▶ [ASSIGNMENT]
Return only the lines below starting at the line containing "Hadicová spojka rovná" and ending at the line containing "Funky Fingers Hang Ten Brah Solar_3", both included, exactly as they are and with no pictures.

─── STUDY MATERIAL ───

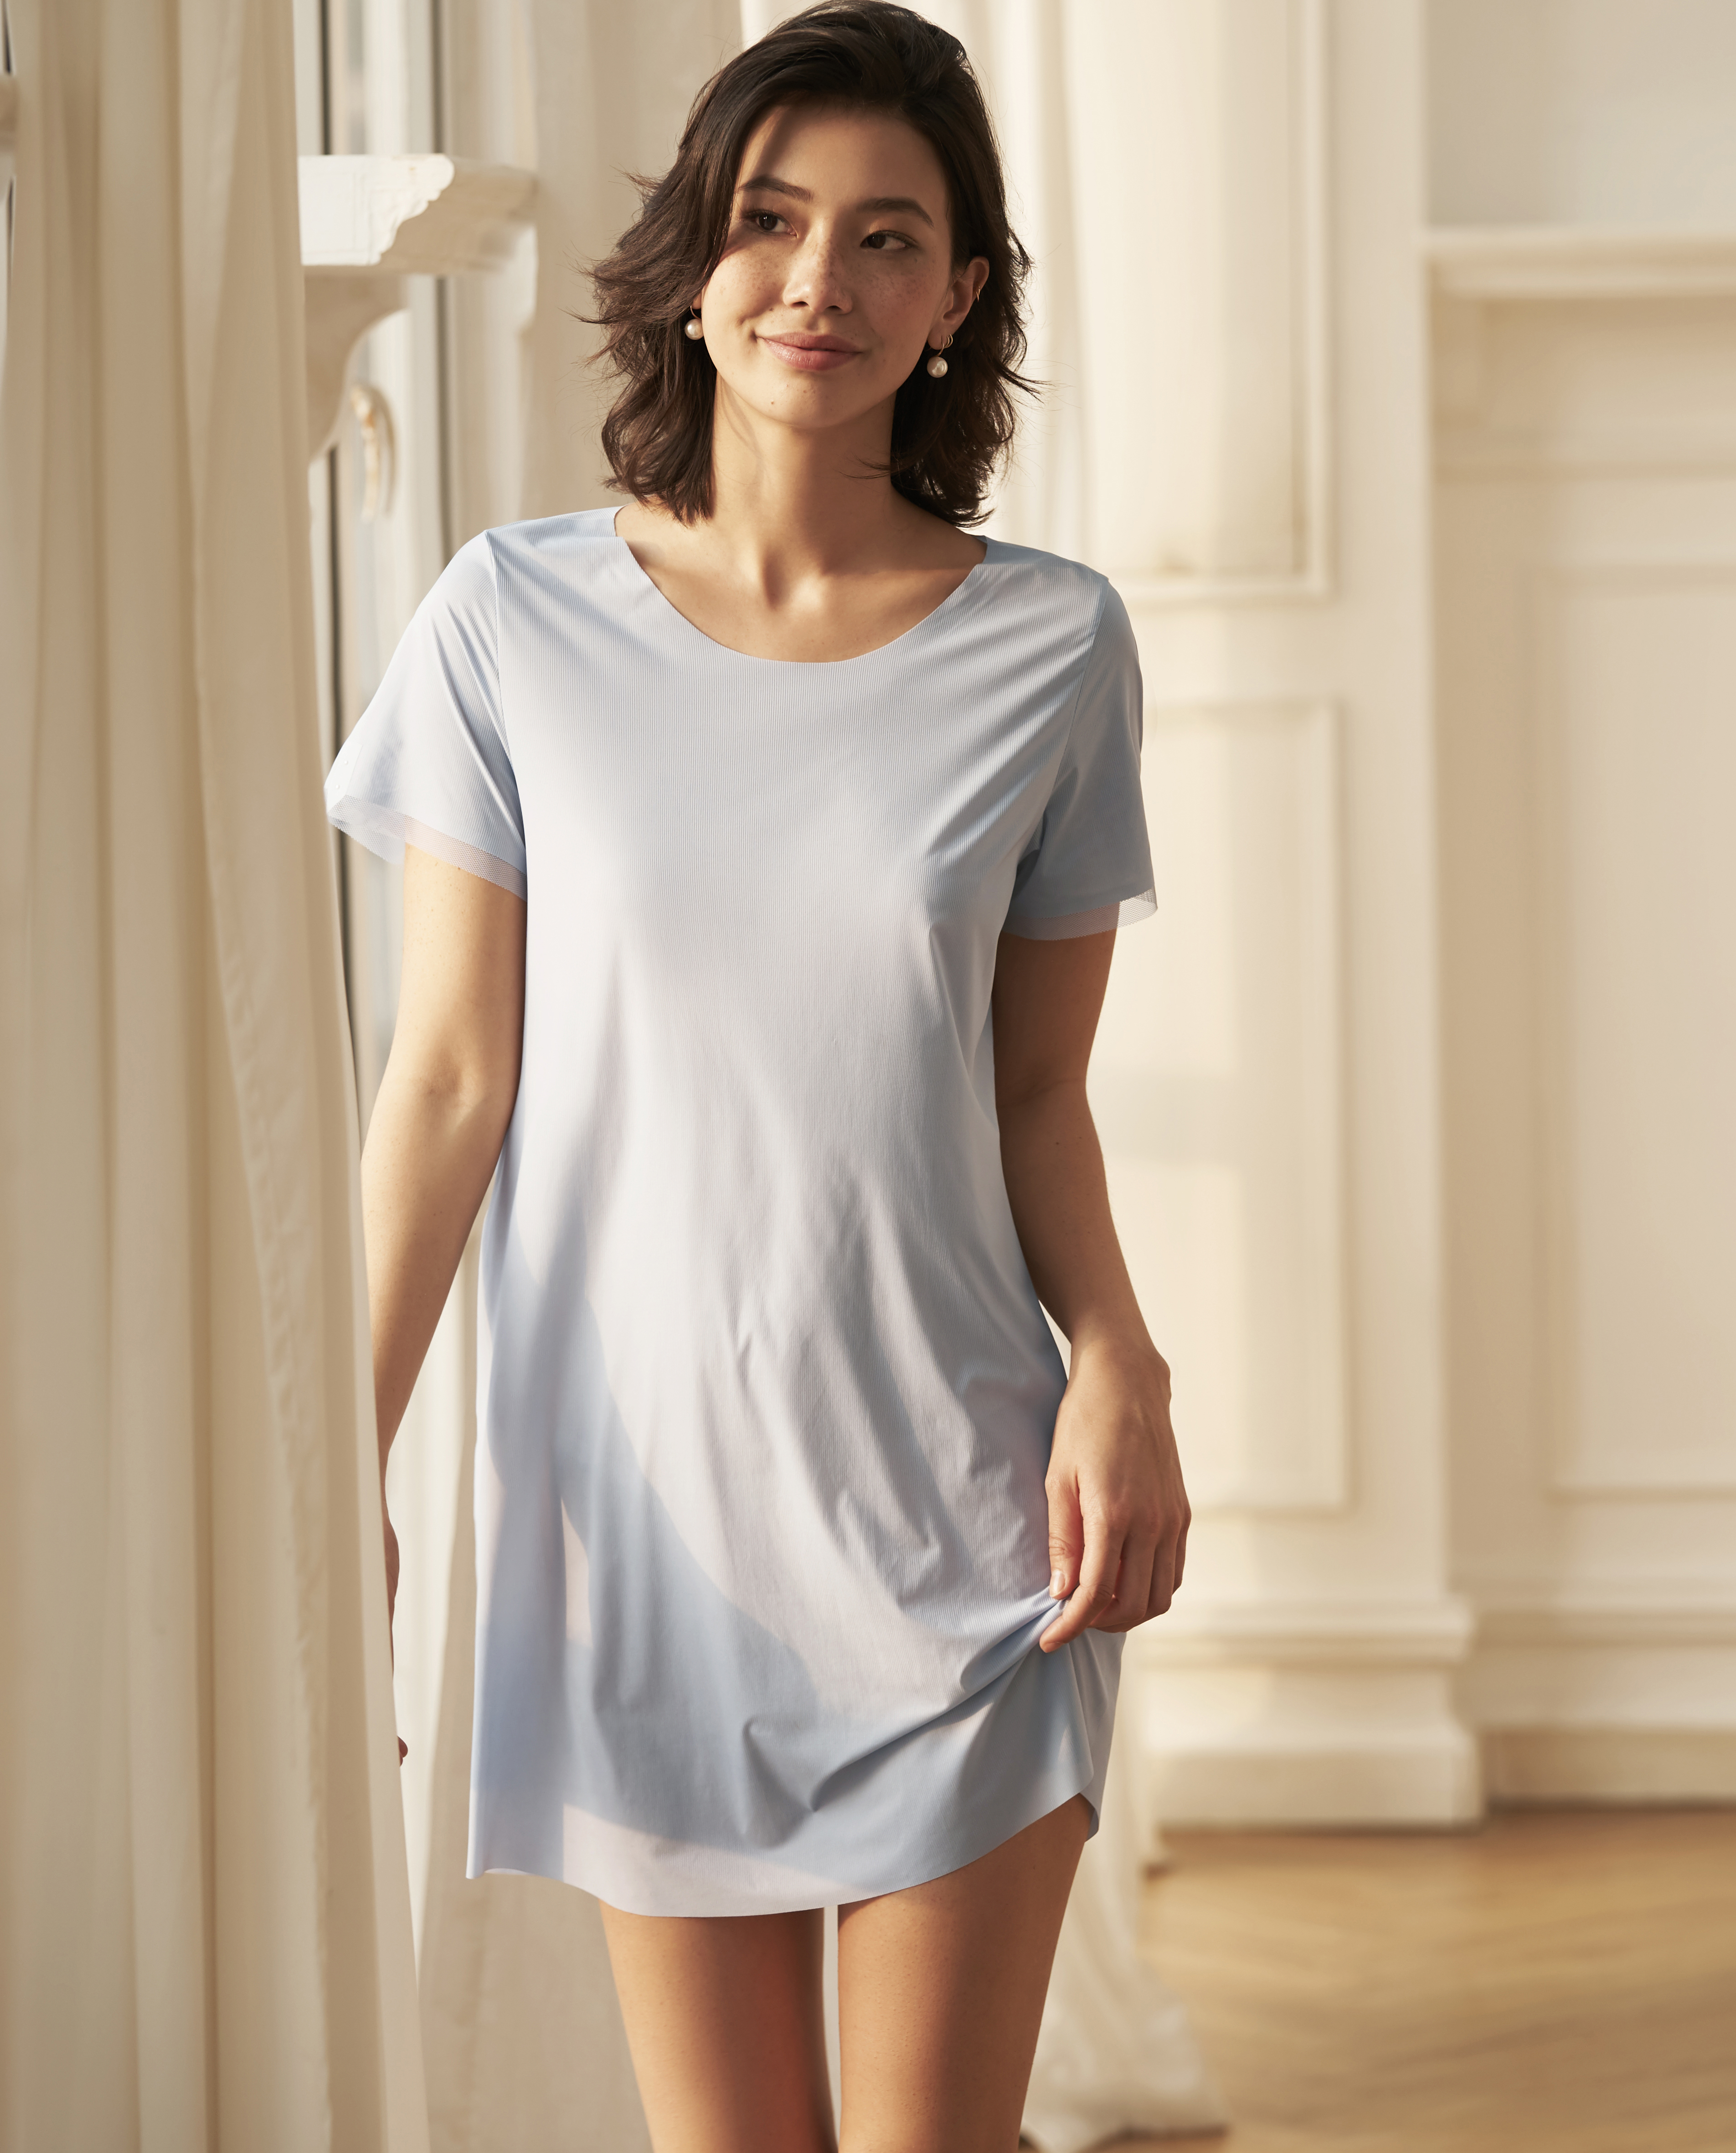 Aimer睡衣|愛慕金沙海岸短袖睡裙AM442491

───
─── STUDY MATERIAL ───

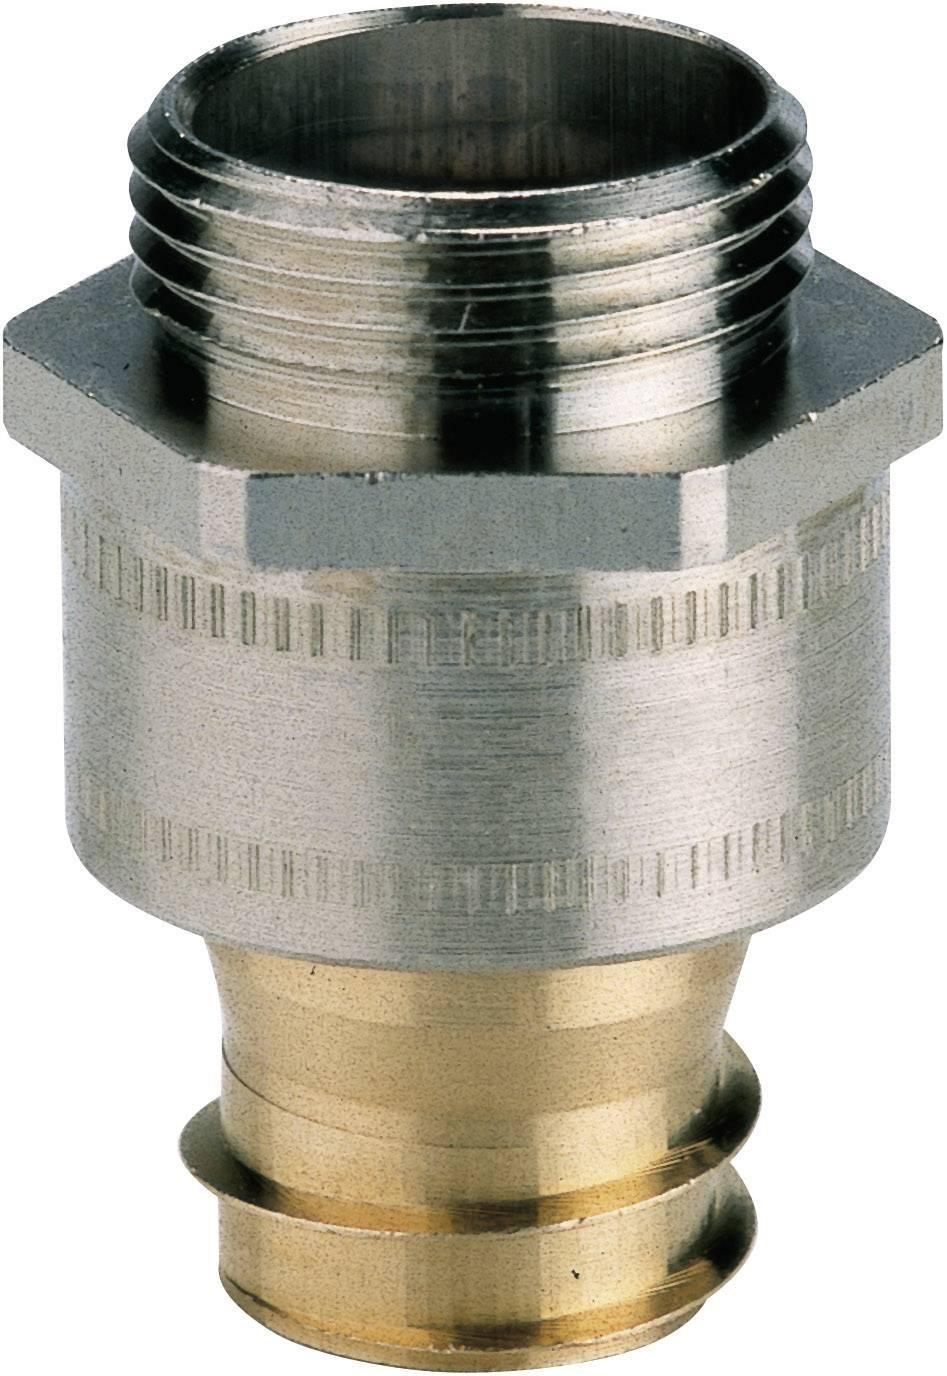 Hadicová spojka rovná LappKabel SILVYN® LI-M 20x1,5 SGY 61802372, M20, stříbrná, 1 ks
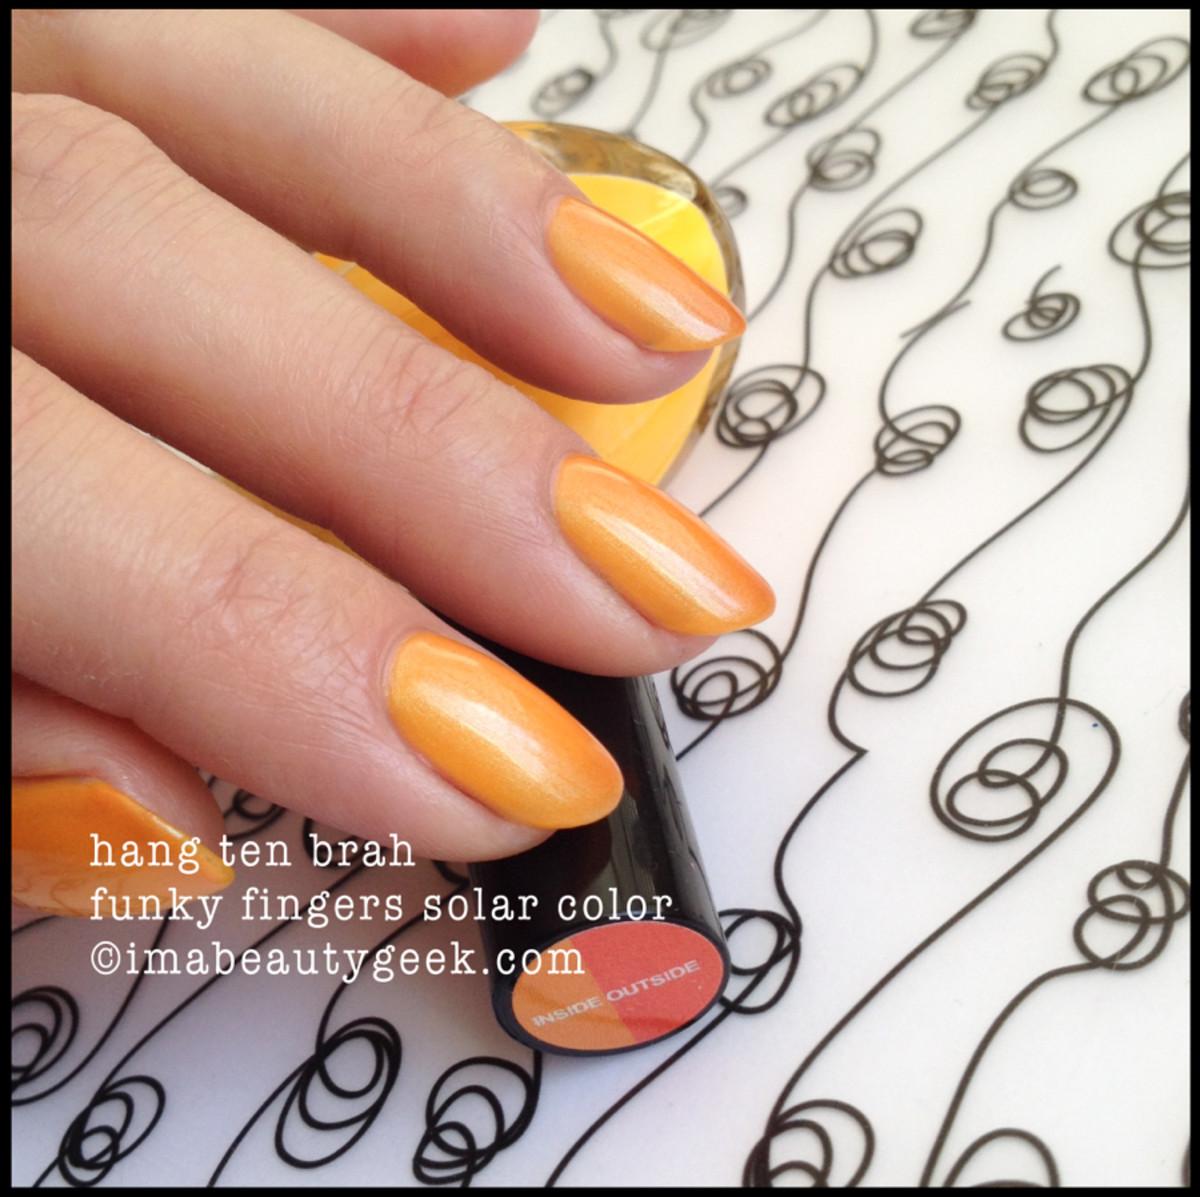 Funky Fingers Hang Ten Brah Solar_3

───

▶ [COMPLETED EXERCISE]
 Hadicová spojka rovná LappKabel SILVYN® LI-M 20x1,5 SGY 61802372, M20, stříbrná, 1 ks
 Funky Fingers Hang Ten Brah Solar_3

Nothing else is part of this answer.